My skin screams as I pull myself from the metal and hurry to free my father. After managing to unbuckle him, I checked his pulse. Weak. Threaded. One of my ankles is twisted purple, blue and red, but I kicked the driver side door until it opened. Each thrust of my leg, each connection that my foot made with the door broke my body further down, yet I was able to swallow all of my pain as if this trauma was another paper cut in my endless dance with blades. A trail of blood follows me as I drag my father's unconscious body as far away from the car as I possibly could.
So, we sat on the side of the road; me too weak to go for help and him not even able to open his eyes. The semi-truck driver didn't even have the decency to stop their truck to check on our condition. Their wheels just kept on rolling past the lives they destroyed. It took everything in me to keep my eyes open as that warm August sun turned into a chilly August moon.
We sat there for hours before another car saw the accident and called the ambulance.
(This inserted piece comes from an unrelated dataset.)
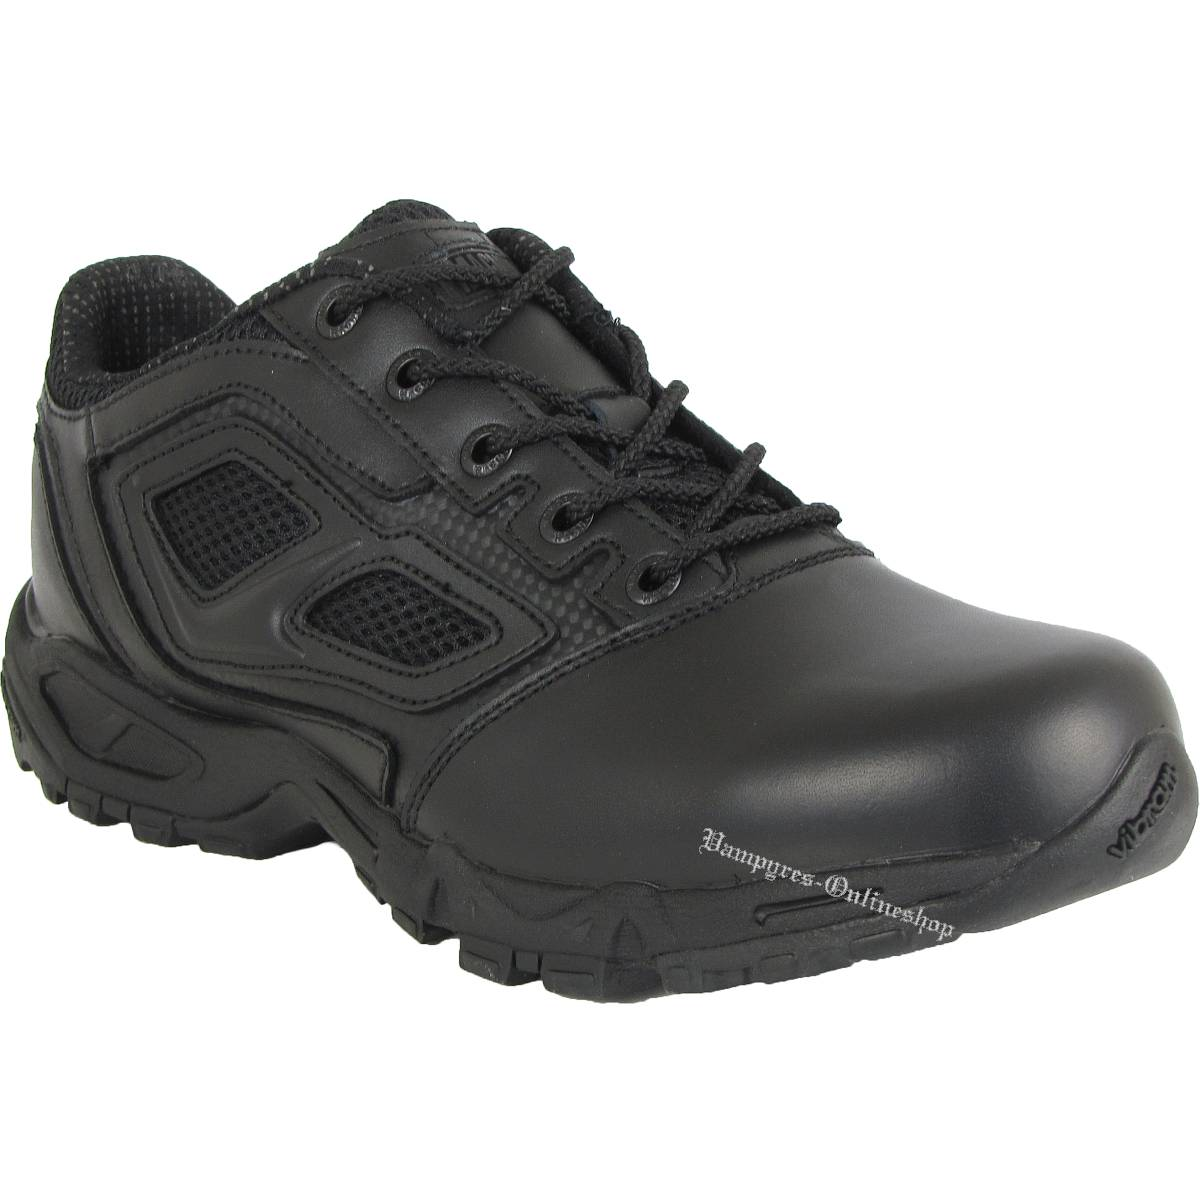 Magnum (Hi-Tec) Elite Spider 3.0 Schwarz Schuhe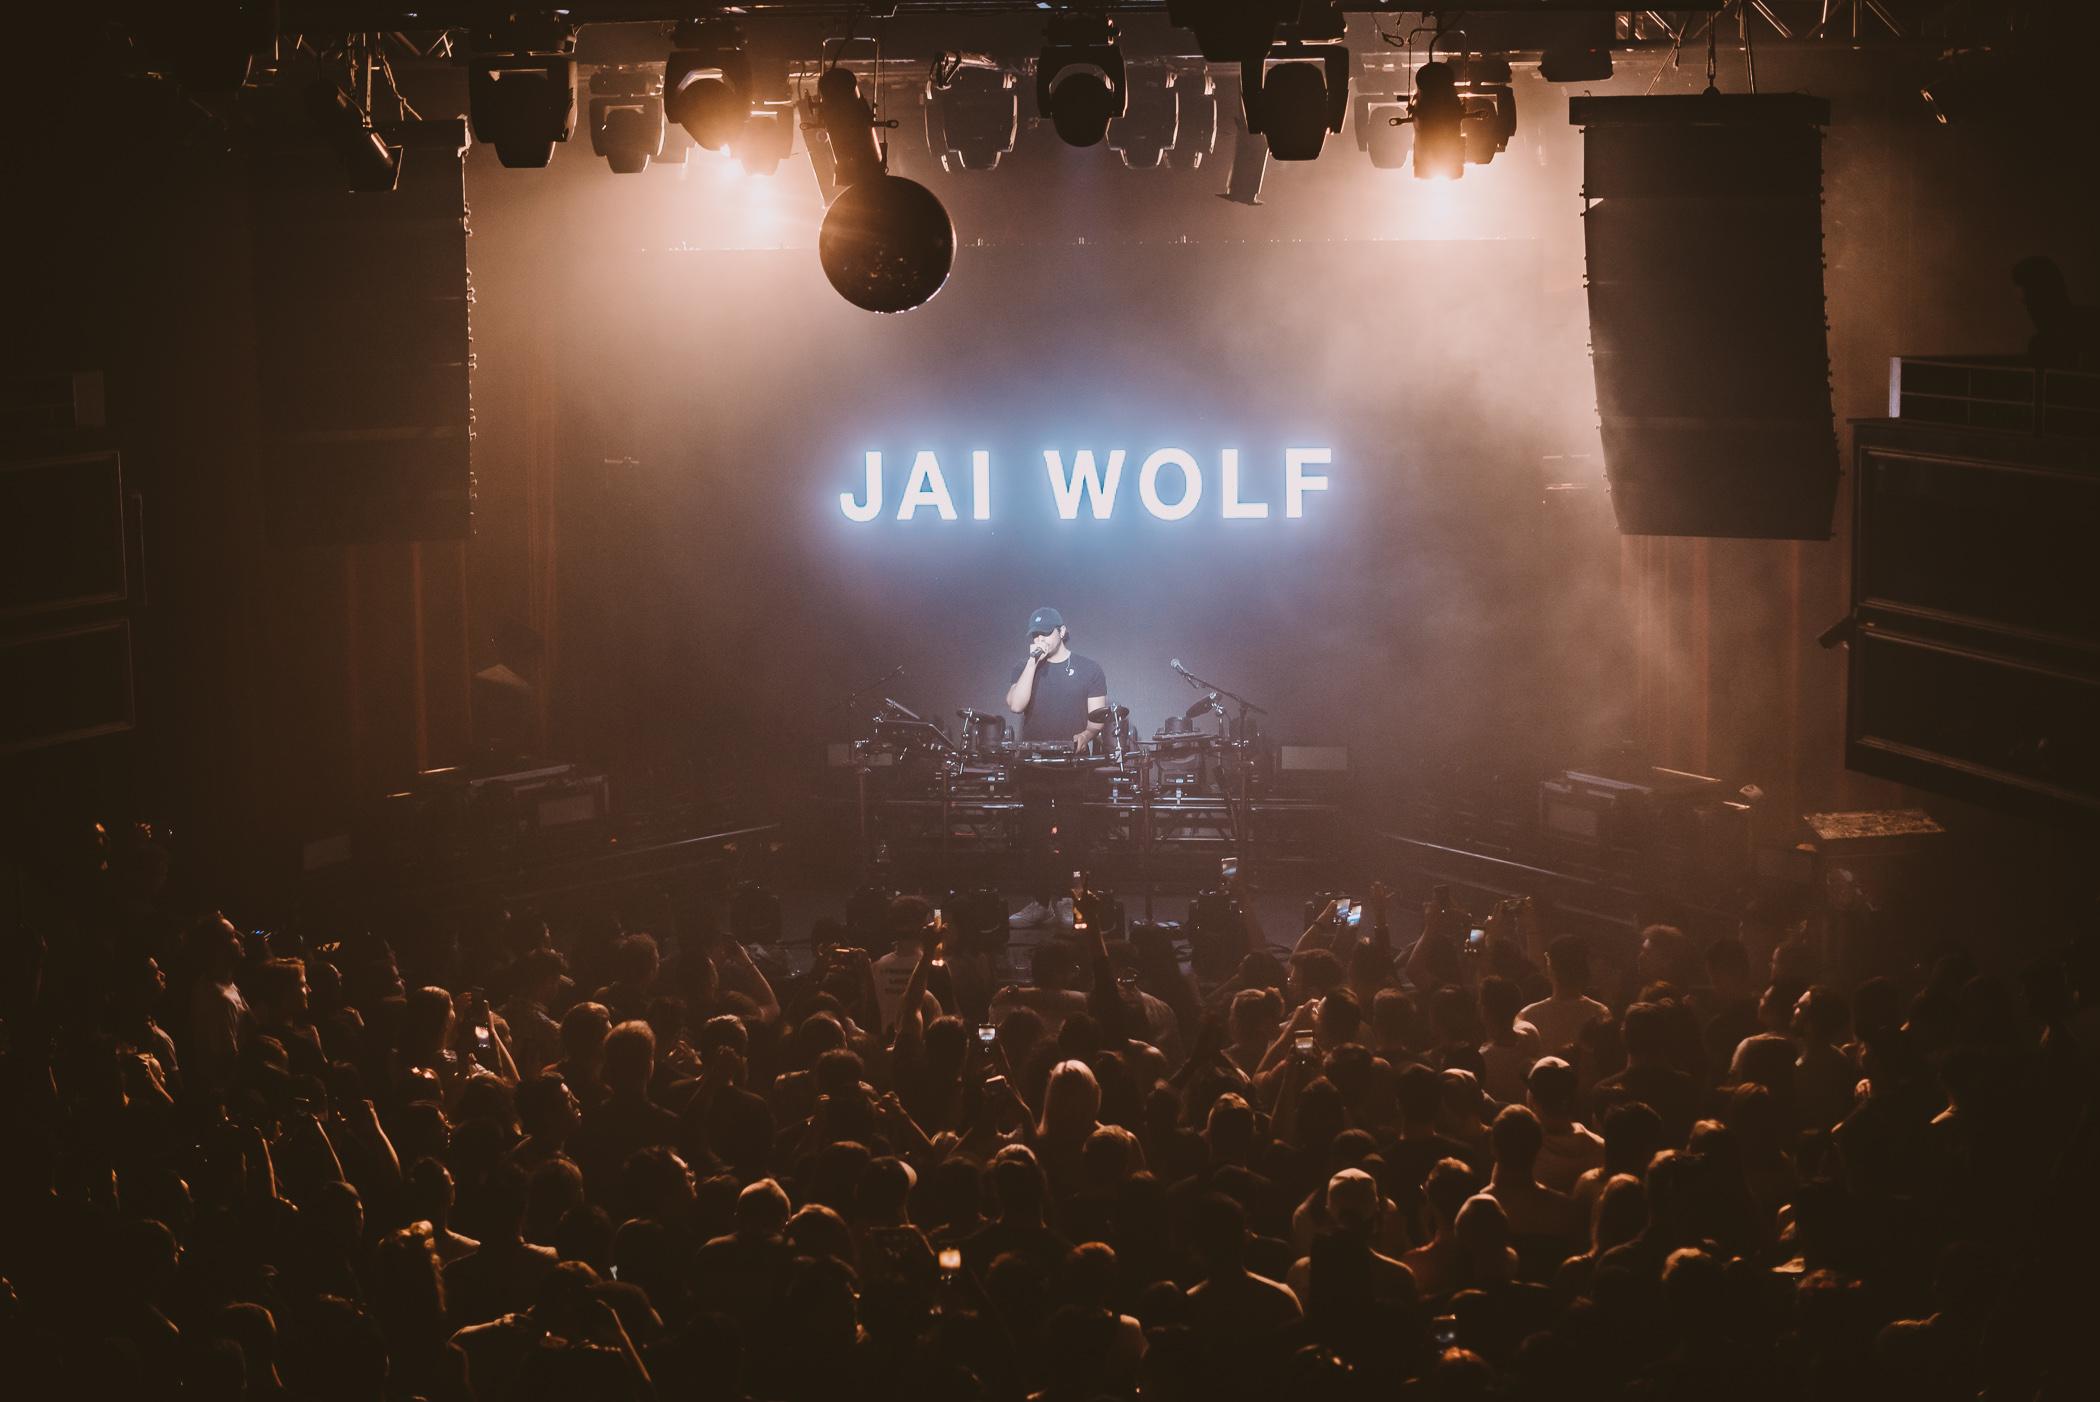 Jai_Wolf-VENUE-Timothy_Nguyen-20190508 (10 of 38).JPG

My condition was somehow stable enough for me to ride in the ambulance while a helicopter took my father to the nearest hospital. I remember one of the paramedics shining a bright light into my eyes and my body falling out of that reality only to go into the back of my mind.
A fractured femur, two broken ribs, and a punctured kidney. August 23rd, 2016. 9:43pm. My father took his last breath 369 days ago as I watched from beyond the operation room glass. I first blamed the surgeon, then the surgical tech, and eventually I blamed myself. Forgiveness rained upon all the others except who was never to blame in the first place.
My mother arrived almost an hour later, finding me in the operating room beside his covered corpse. Her excuse was work related, but I saw no excuse for being anywhere but with your own husband while he fought for his life.
"These were the best surgeons that money could pay for."
I disgraced his memory by screaming in the room, knocking over anything in my path. It was my first act of violence in front of my mother and it set a dark tone between us from that day forth. Fuck what money could pay for, she often confused fiscal responsibility and ability with compassion and love. I hated her for saying it aloud and truly meaning it.
"Who gives a fuck about how much you paid them? He's still dead and you were at work? What kind of wife are you?"
My words contained plenty of firsts; I cussed at my mother, I acknowledged my father's death, and I questioned her as a wife. The palm of her hand was sharp against my cheek as she acted out her anger physically. It was the first time she ever struck me.
Less than a week later--that fucking podium.
"Good girl,"
A muddy, bloody hand drapes over my shoulder as my mother takes herself from the heat of night into the deathly coldness that has overtaken our home. I watched her for hours, sawing off Rosalie's limbs and stacking them inside a wheelbarrow she dumped into a pit close to the gate that enters the woodland.
For her to touch me with those hands, I felt poisoned by her ease in this manner. She sat down at the kitchen table with a decanter of whiskey filled to its brim and her filthy fingers stained the glass as the liquor made its home in her stomach.
"Do we need to talk about this, Teagan?"
Without as much as a nod in her direction, I take myself from my seat and sulk up to my bedroom. She stays downstairs a few minutes longer before I hear her hauntingly loud footsteps tread past my bedroom. I swear I can smell the rotted flesh seeping into my walls as she runs the shower at its top degree. There is no doubt in my mind now; I killed Beatrice.